What is Cachecore
Cachecore is a semantic caching gateway for LLM APIs. It sits between your application and OpenAI, caching responses at two levels to reduce cost and latency for repeated or similar requests.
The problem
LLM API calls are slow (1-3 seconds) and expensive. In agent workloads, many of these calls are redundant: the same classification prompt runs thousands of times, the same tool-selection query repeats across sessions, the same document gets summarised for different users. Without caching, you pay full price every time.
What Cachecore does
You point your OpenAI SDK at Cachecore's gateway instead of OpenAI directly. Cachecore intercepts every request and checks two cache tiers before forwarding:
L1 (exact match): The request body is hashed. If an identical request was seen before in the same tenant namespace, the cached response is returned in ~5ms.
L2 (semantic match): The prompt is embedded using bge-small-en-v1.5 and searched against a Redis HNSW index. If a semantically similar request scores above 0.92 cosine similarity, the cached response is returned in ~15ms.

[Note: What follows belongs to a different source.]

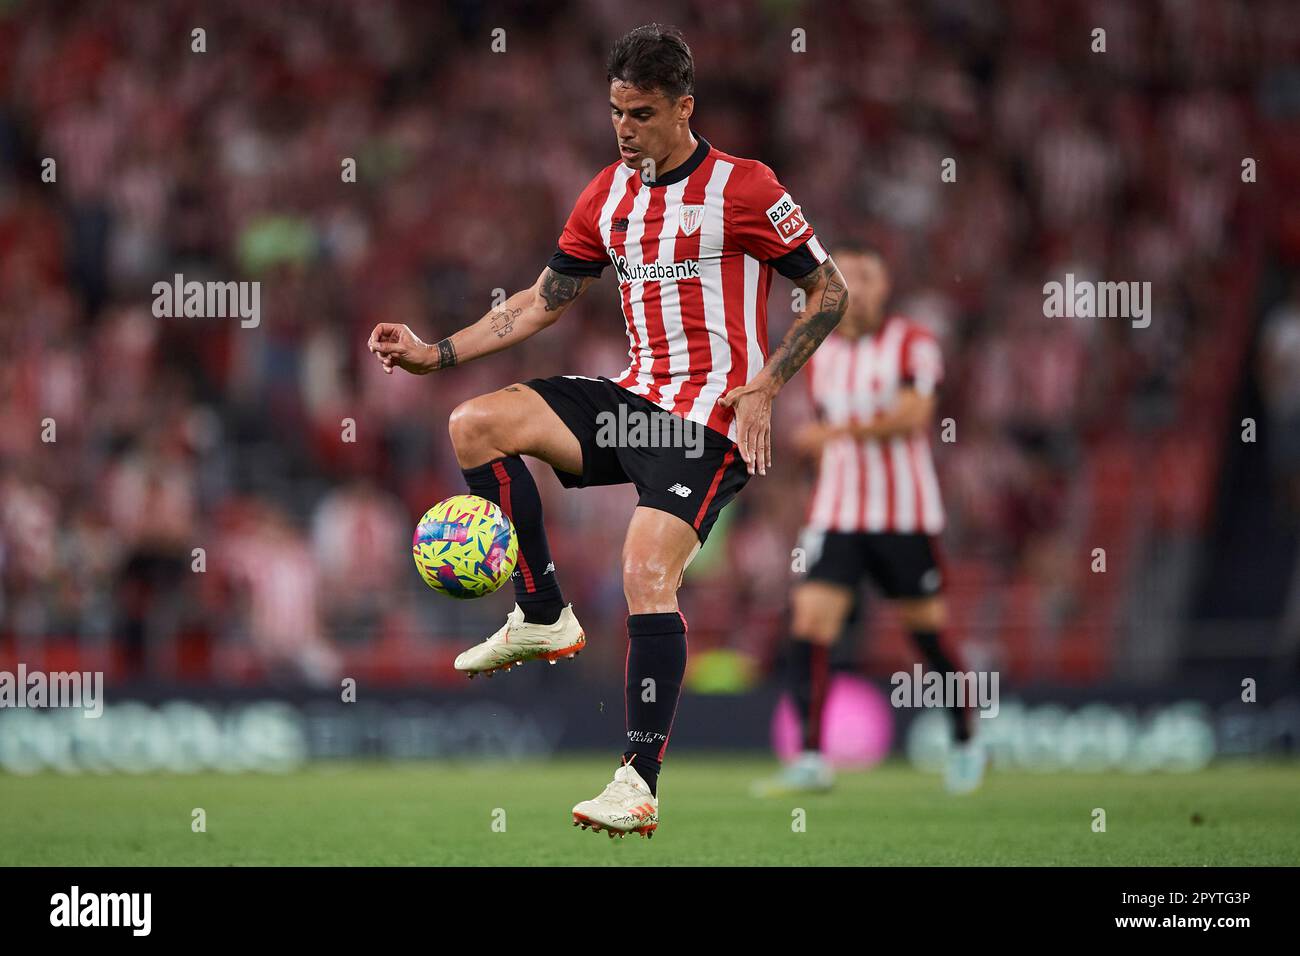 Bilbao, Spain. May 4, 2023, Dani Garcia of Athletic Club during the La Liga match between Athletic Club and Real Betis played at San Mames Stadium on May 4, 2023 in Bilbao, Spain. (Photo by Cesar Ortiz / PRESSIN) Stock Photo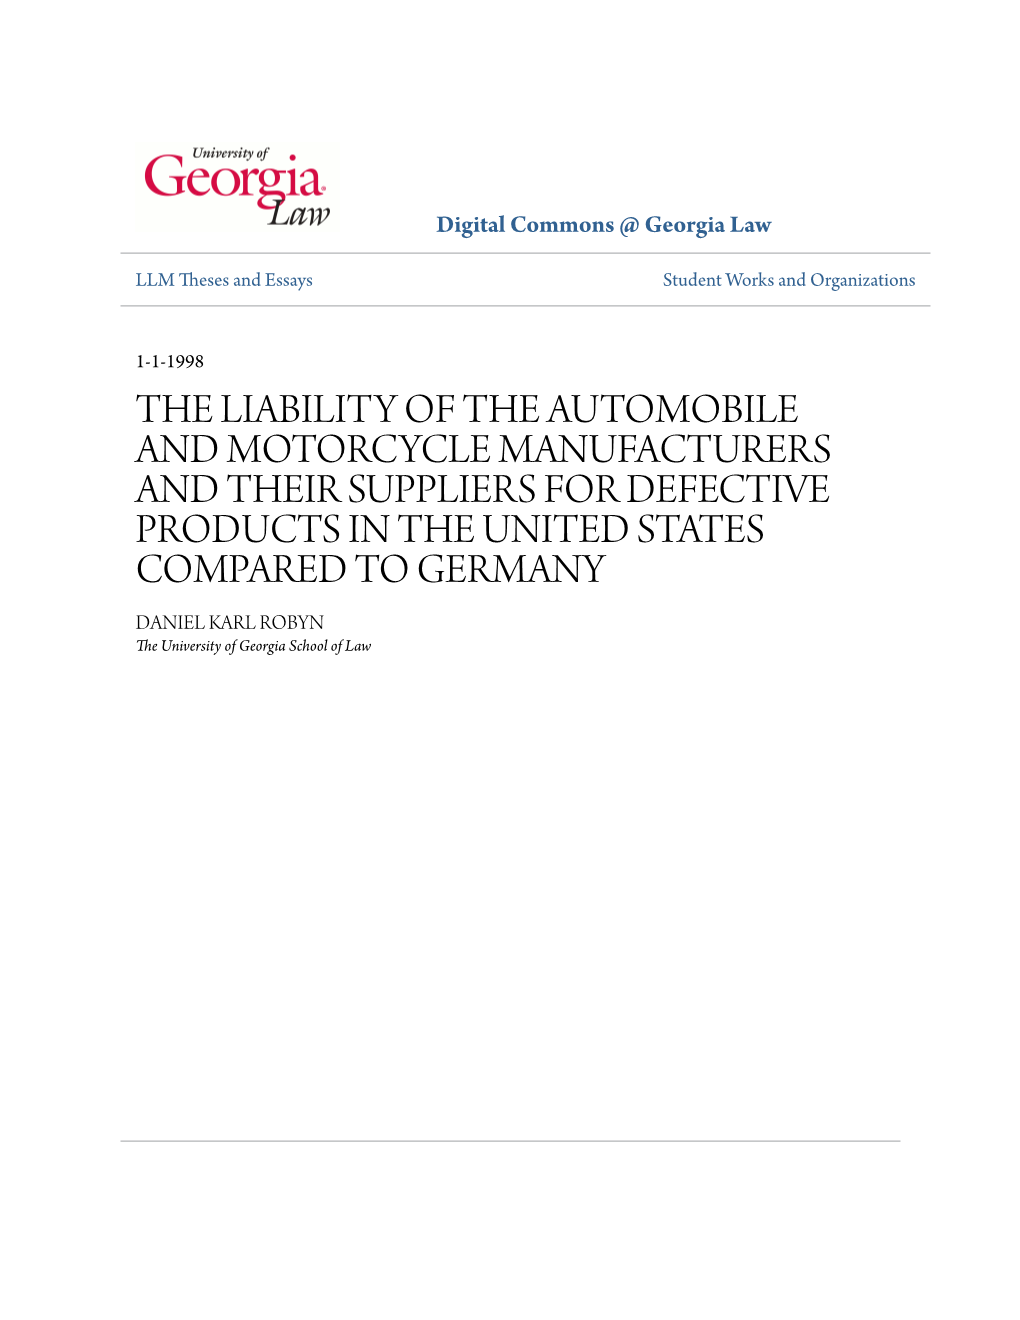 The Liability of the Automobile and Motorcycle

Miss: No match found. The request is forwarded to OpenAI, the response is cached, and both L1 and L2 entries are written.
Integration
One line of code:
from openai import OpenAI
client = OpenAI(
base_url="https://api.cachecore.it/v1", # only change
api_key="cc_live_xxxxx.eyJ..."
)
Your existing code works unchanged. Cachecore is a transparent proxy: same API contract, same response format.
Core capabilities
Two-tier caching. L1 handles identical requests. L2 handles paraphrased or semantically equivalent requests. Together, they cover both exact repetition and natural language variation.
Tenant isolation. Every cache entry is scoped to a cryptographic namespace derived from your tenant ID, system prompt, tool definitions, and policy version. Tenants never share cache entries.
Dependency invalidation. Tag cached responses with data dependencies (e.g., doc:contract-123). When the underlying data changes, invalidate the tag and all associated cache entries are deleted.
Stale-while-revalidate. After the fresh TTL expires, stale entries are served immediately while a background job refreshes the cache from OpenAI. Latency stays low even as entries age.
When to use Cachecore
Cachecore works best for task-oriented LLM calls that repeat across users or sessions: classification, routing, entity extraction, document summarisation, tool selection. These workloads typically achieve 40-70% cache hit rates.
Cachecore is less effective for stateful multi-turn conversations where the full message history changes on every turn. See Caching for AI Agents for a detailed breakdown.